Par une décision rendue ce 30 avril, le Conseil constitutionnel a apporté une précision majeure au régime de l’exécution provisoire du mandat de dépôt à effet différé (MDED). Si le paragraphe IV de l’article 464-2 du code de procédure pénale est déclaré conforme à la Constitution, c’est au prix d’une réserve d’interprétation stricte qui aligne les exigences de motivation sur le droit commun de la détention provisoire et du mandat de dépôt « classique ».
Réf : Conseil constitutionnel, décision QPC n° 2026-1195 du 30 avril 2026 [JO du 2 mai 2026]

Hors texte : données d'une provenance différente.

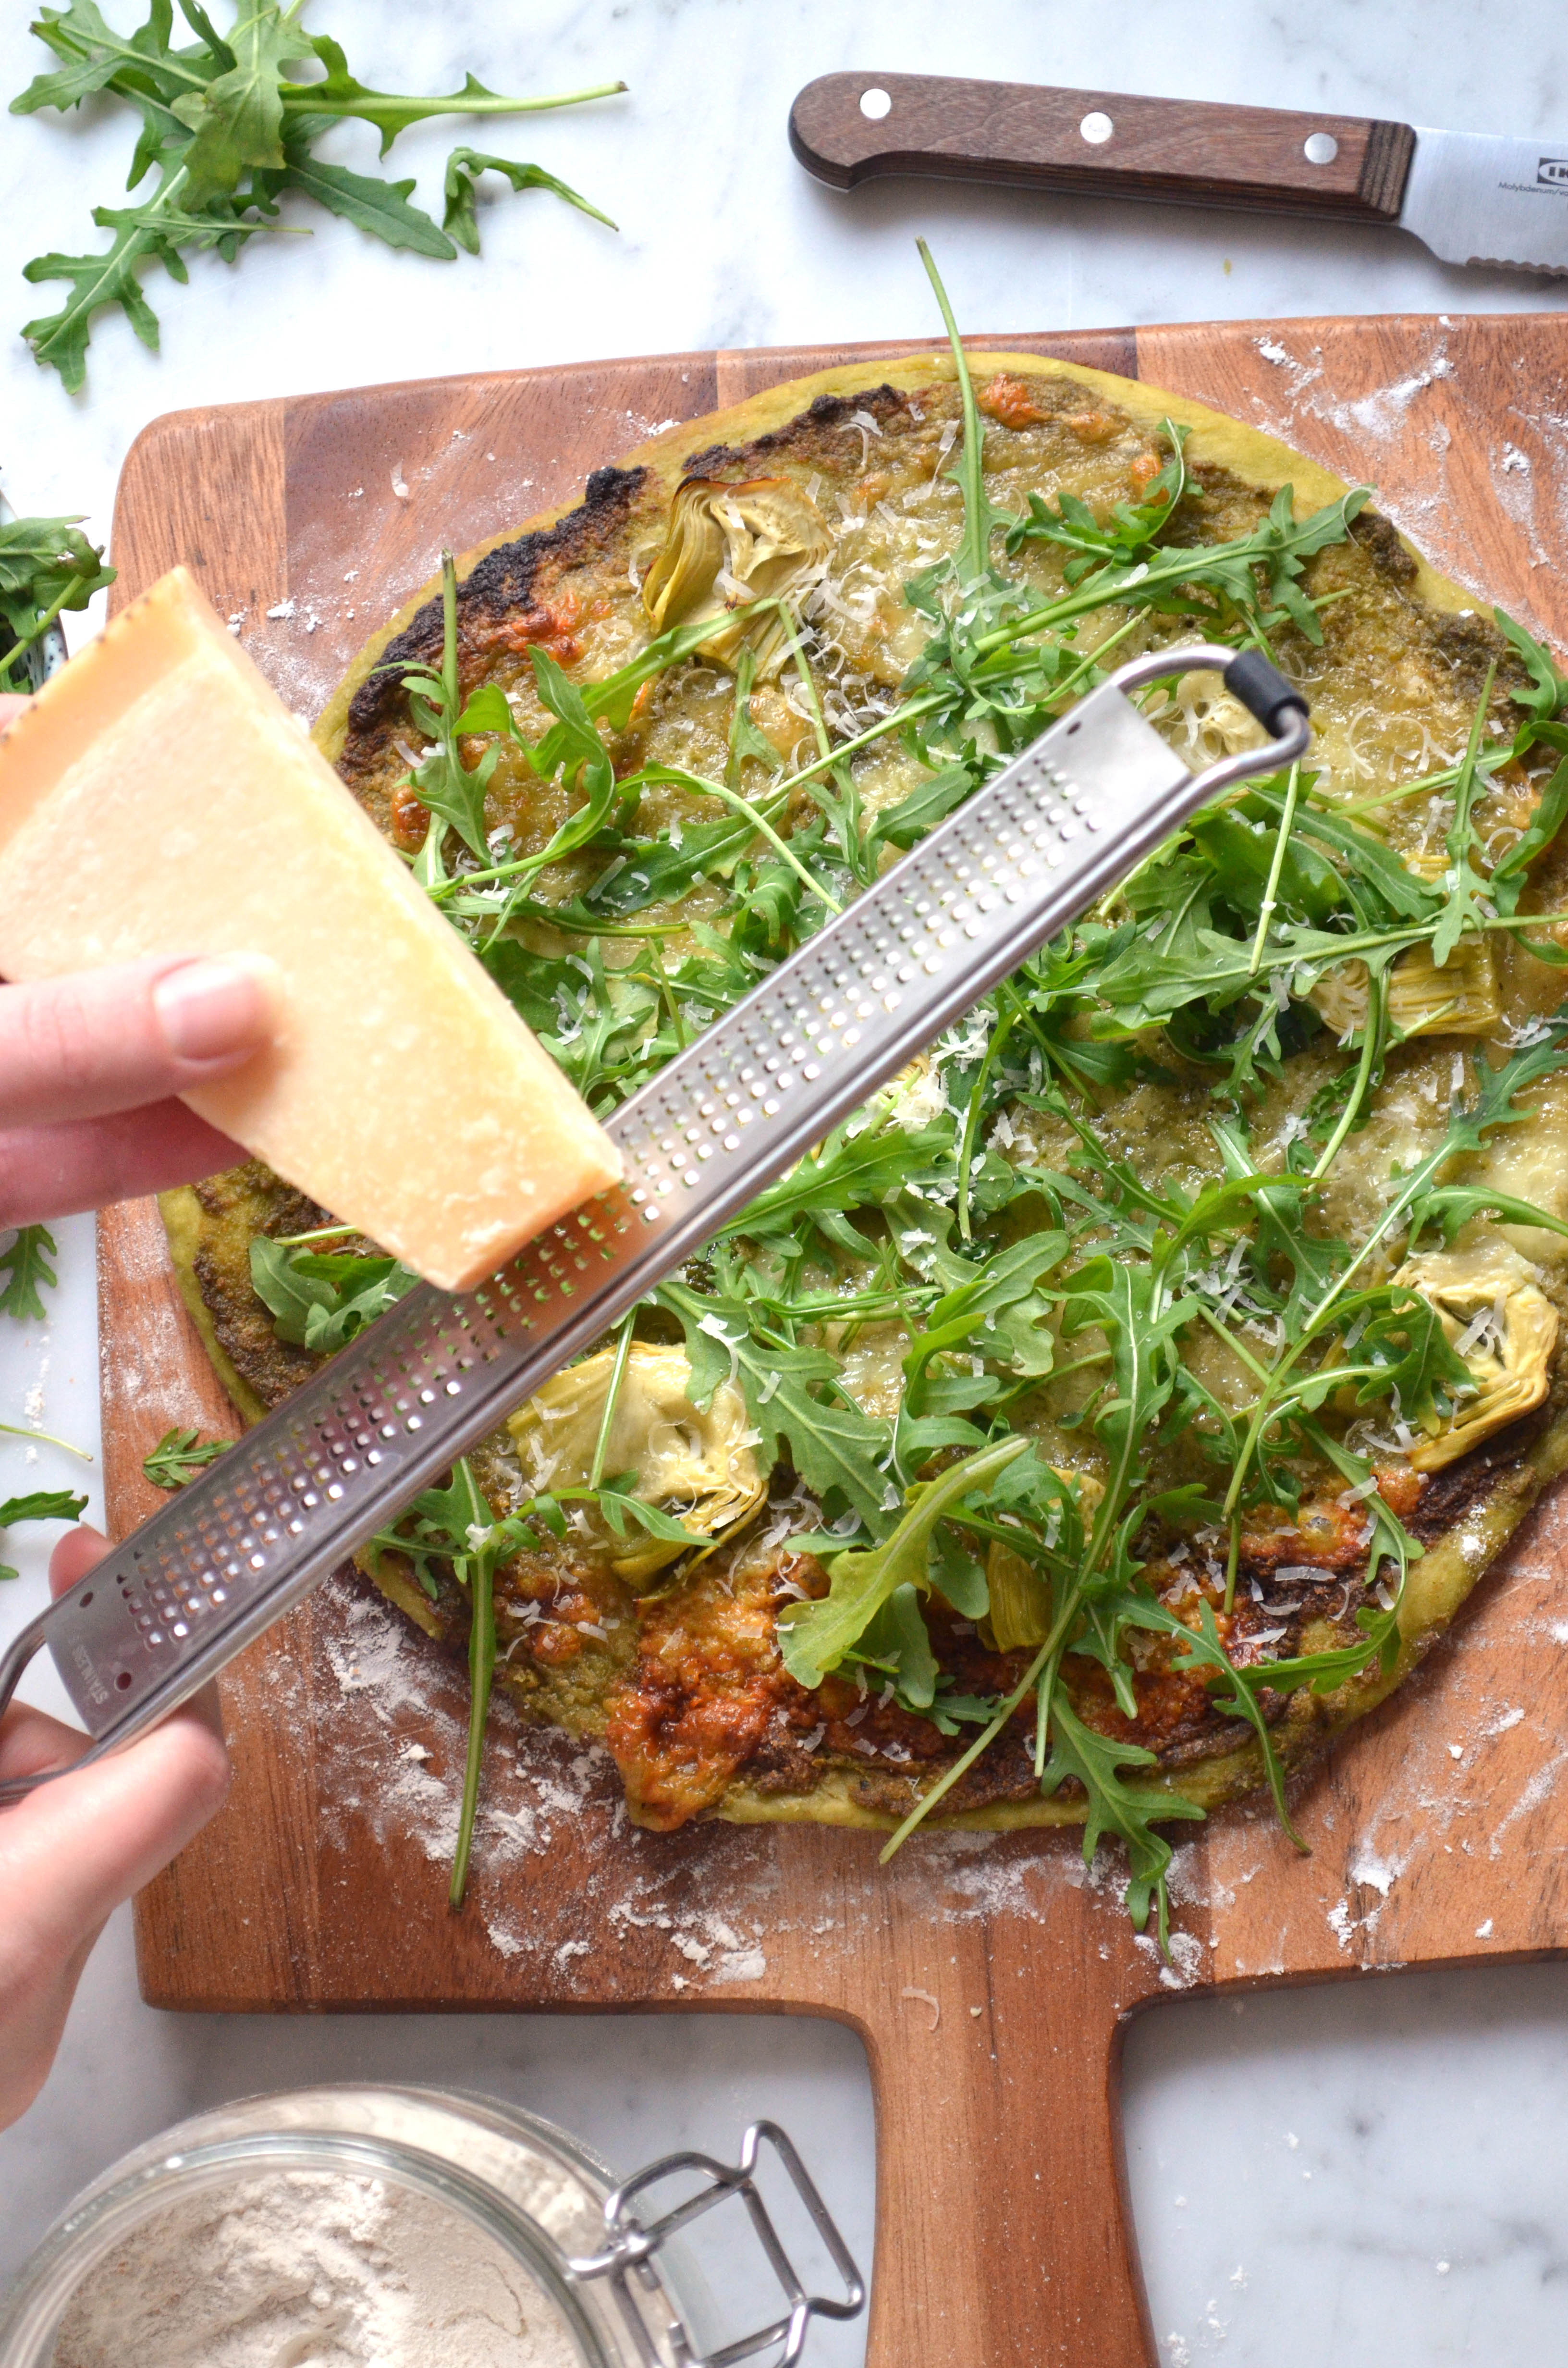 Recipe for homemade pizza dough and pizza verde with pesto, arugula, artichokes, mozzarella and parmesan cheese.

I. La problématique : Le silence du texte sur la motivation
Saisi par la chambre criminelle (arrêt n° 261 du 28 janvier 2026), le Conseil devait trancher une divergence entre la lettre de la loi et le principe d’individualisation des peines.
L’article 464-2, issu de la loi n° 2023-1059 du 20 novembre 2023, permet au tribunal correctionnel d’ordonner l’exécution provisoire du MDED. Or, la jurisprudence constante de la Cour de cassation (rappelée au paragraphe 6 de la décision) n’imposait jusqu’alors aucune motivation propre à cette mesure, l’objectif de prévention de la récidive et d’efficacité de la peine étant présumé.
II. Le fondement : le prisme de la liberté individuelle
Le Conseil constitutionnel fonde sa censure nuancée sur les articles 7, 8 et 9 de la DDHC de 1789. Les Sages soulignent que l’exécution provisoire d’un mandat de dépôt, dans l’attente d’un jugement d’appel, affecte une personne qui n’est pas définitivement condamnée.
En conséquence, le principe d’individualisation des peines s’oppose à ce qu’une telle mesure soit prise sans un examen in concreto des circonstances de l’espèce.
III. La réserve d’interprétation : une triple exigence de motivation
Le paragraphe 8 de la décision constitue désormais le nouveau cadre de rédaction des jugements correctionnels. Pour assortir un MDED de l’exécution provisoire, le juge doit désormais :
- Motiver spécialement : Une motivation globale sur la peine ou sur le MDED lui-même ne suffit plus à justifier l’exécution provisoire.
- Apprécier la proportionnalité : Le juge doit démontrer que l’atteinte à la liberté individuelle (et à la présomption d’innocence en appel) est proportionnée au but recherché.
- Analyser les éléments de personnalité : La décision doit se fonder sur :
- Les circonstances de l’infraction ;
- La personnalité de l’auteur ;
- La situation matérielle, familiale et sociale de l’intéressé.
Conséquence pratique : Le débat contradictoire doit impérativement porter sur ces points lors de l’audience, le Conseil précisant que le juge peut se déterminer sur des éléments discutés « y compris à son initiative ».
IV. Modulation des effets dans le temps
Soucieux d’éviter une vague de nullités ou de mises en liberté dans les dossiers en cours, le Conseil applique le paragraphe 9 : la réserve de motivation ne s’applique qu’aux affaires dont la juridiction de jugement est saisie postérieurement à la date de publication de la décision, soit après le 2 mai 2026.
Synthèse pour la pratique pénale
| Dispositif | Régime antérieur | Régime post-2 mai 2026 |
|---|---|---|
| Mandat de dépôt (MD) | Motivation spéciale obligatoire. | Motivation spéciale maintenue. |
| MDED seul | Motivation spéciale obligatoire. | Motivation spéciale maintenue. |
| Exécution provisoire du MDED | Absence d’obligation de motivation spécifique (jurisprudence Cass.). | Motivation spéciale et autonome obligatoire. |
Pour les magistrats du siège, cette décision impose une vigilance accrue dans la rédaction des motifs de l’exécution provisoire. Pour la défense, elle ouvre un champ de contestation élargi en cas de motivation stéréotypée ou d’absence de prise en compte des garanties de représentation lors du délibéré sur le mode d’exécution de la peine.